FREITAG
Der Tag
Als er wieder erwachte, war es hell. Er
hatte keine Nadel mehr im Handrücken, den Einstich verdeckte ein
Pflaster. Er war in einem Dreibettzimmer. Ein Bett war leer, im
anderen lag jemand, von dem nur das schüttere Blondhaar zu sehen
war. Ein eher dicker als dünner Mann. Er schnarchte leise.

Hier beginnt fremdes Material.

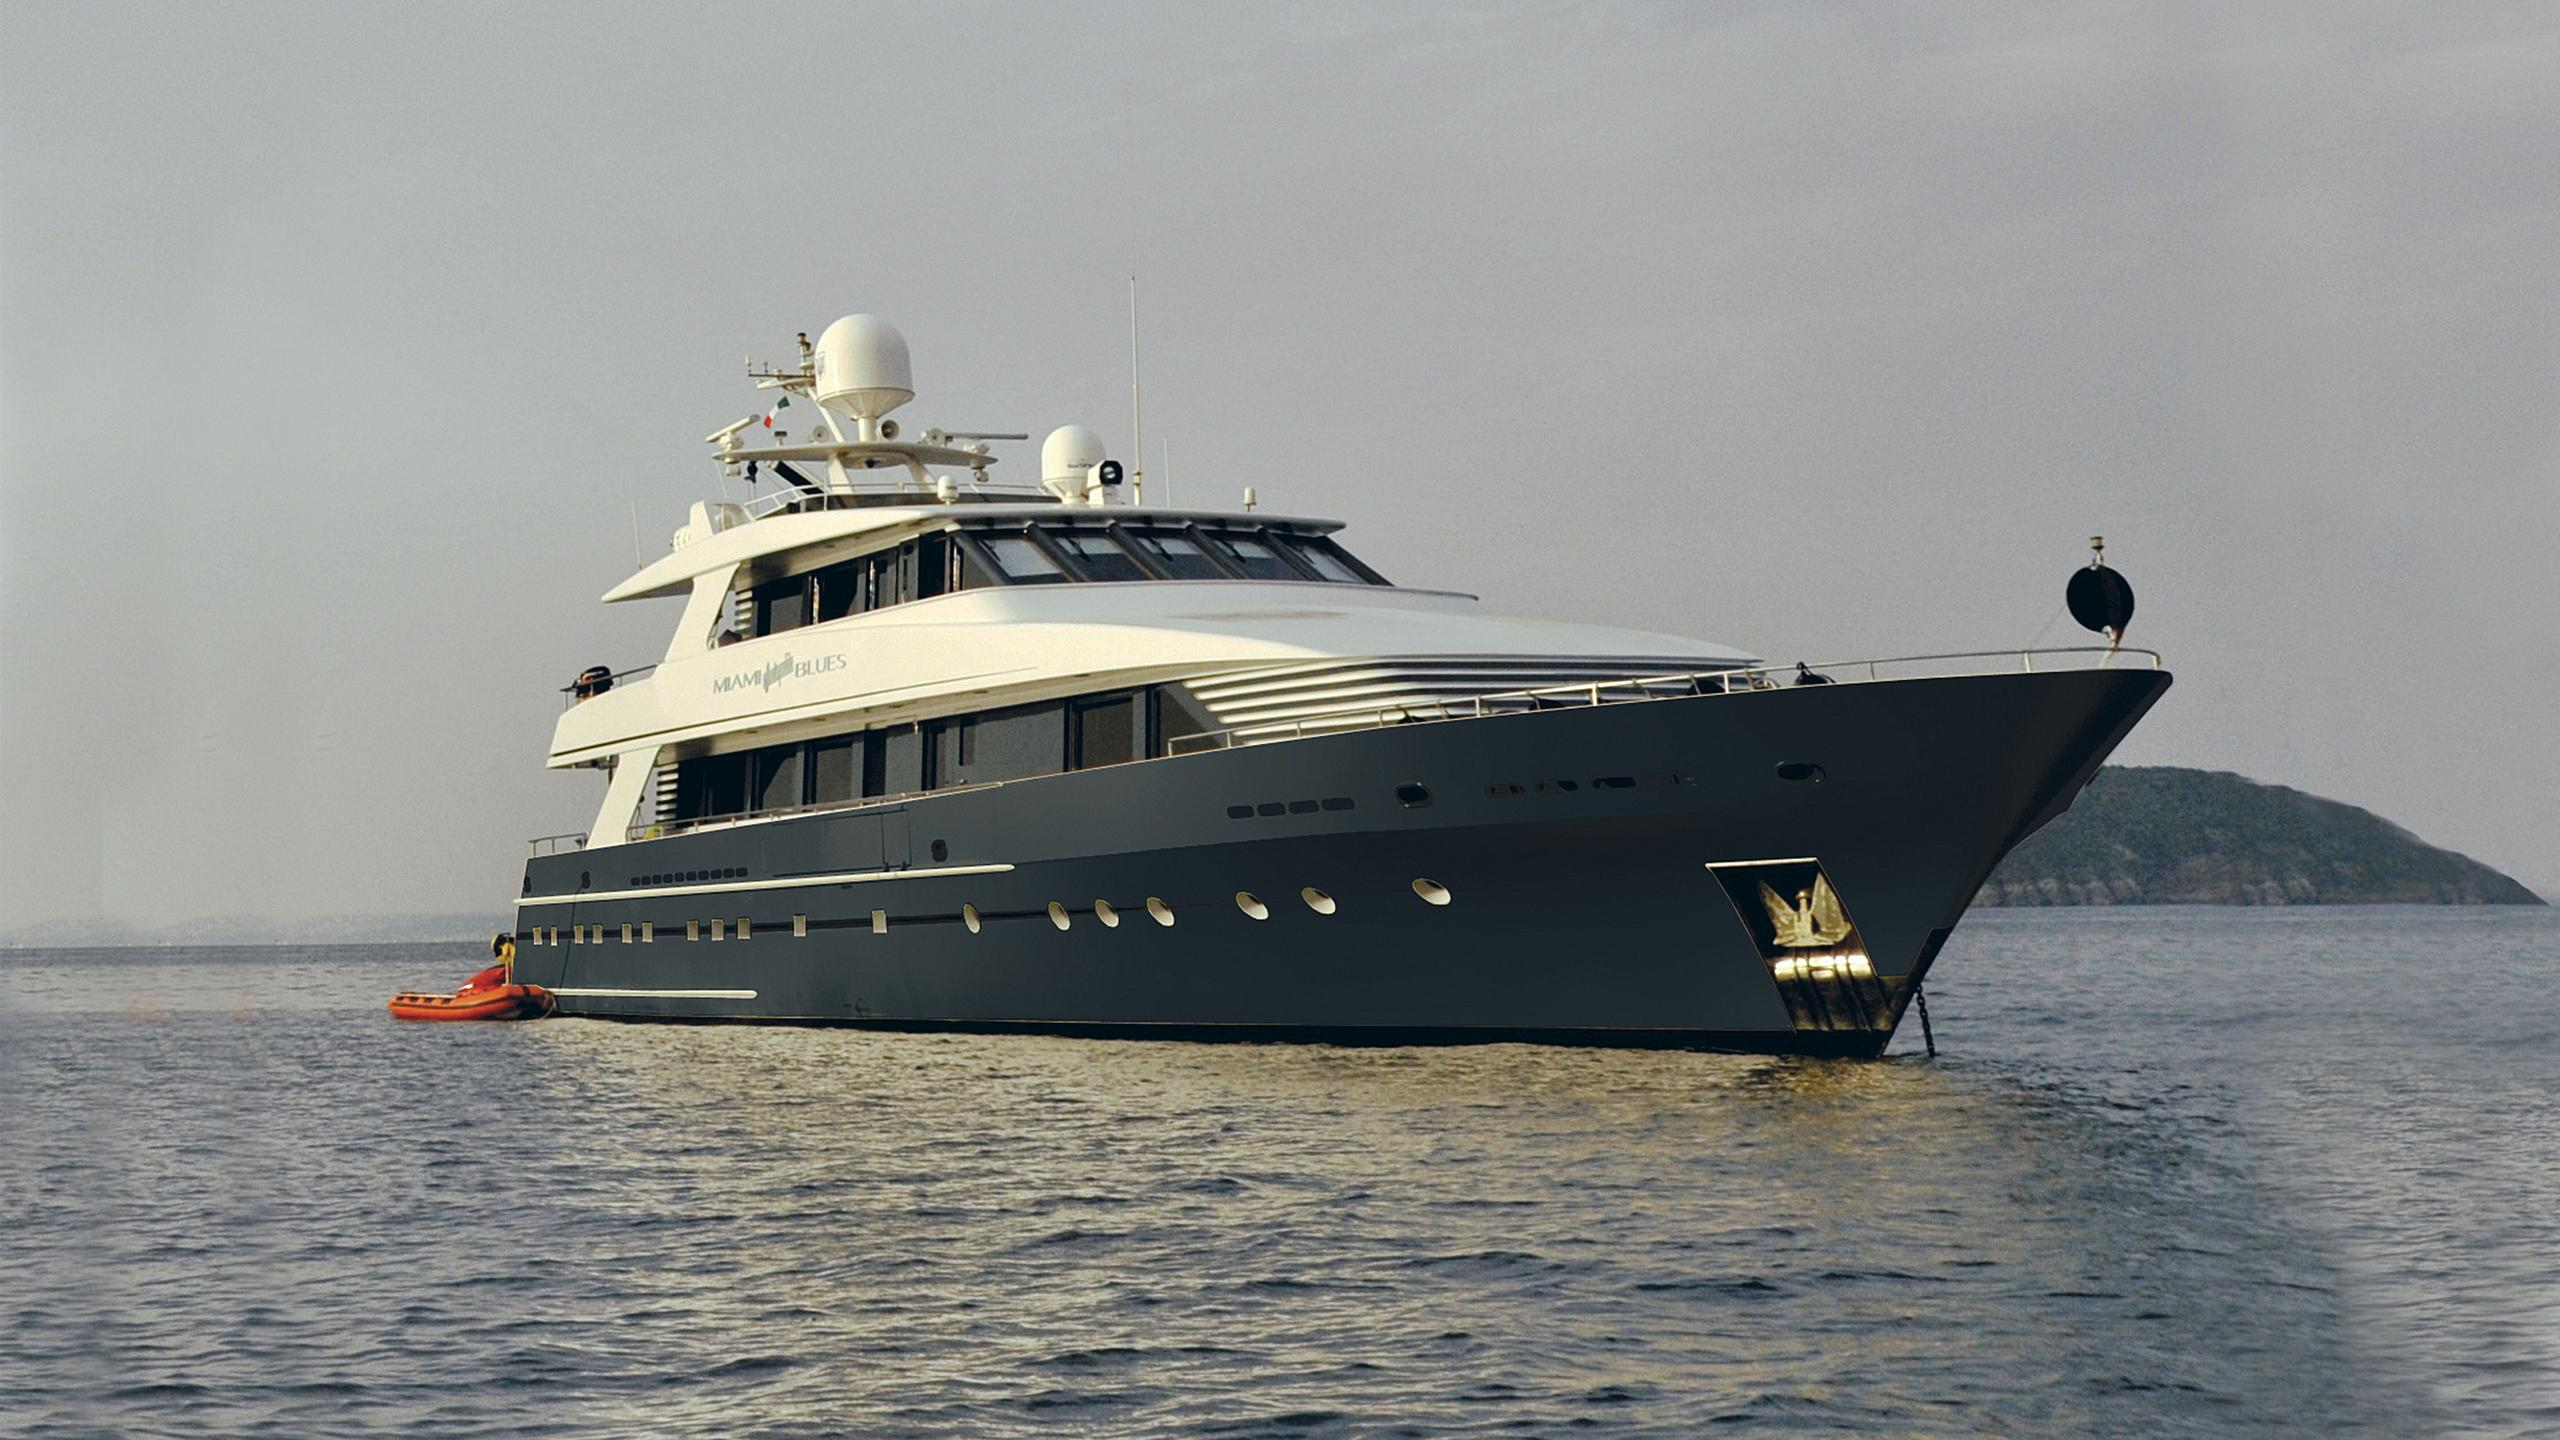 miami-blues-yacht-at-anchor

Im Bad hing ein Krankenhaushandtuch. Er zog das
Krankenhausnachthemd aus. (Kann Ihnen jemand Sachen bringen? Nicht
im Moment. - Ein Bruchstück.) Morgentoilette eines Herrn am Anfang
des dritten christlichen Jahrtausends, ohne Rasur und ohne
Zähneputzen, dafür hatte er nichts da. Der blonde, stupsnäsige
Junge im Spiegel bin immer noch ich. Im Mundwinkel trage ich ein
Fieberbläschen.
Flora.
Ab jetzt, da du mir heute das erste Mal wieder
eingefallen bist, wirst du nicht mehr abwesend sein.
Der Zimmergenosse schnarchte leise, als Kopp das
Bad das erste Mal verließ, um seine Kleidung zu holen, und auch
beim zweiten Mal, als er, nun bekleidet, herauskam. Kopp schloss
die Zimmertür leise hinter sich. Er verließ das Krankenhaus noch
vor dem Frühstück und vor der Visite, auf eigene Verantwortung. Wo
muss ich unterschreiben? Er nahm ein Taxi nach Hause.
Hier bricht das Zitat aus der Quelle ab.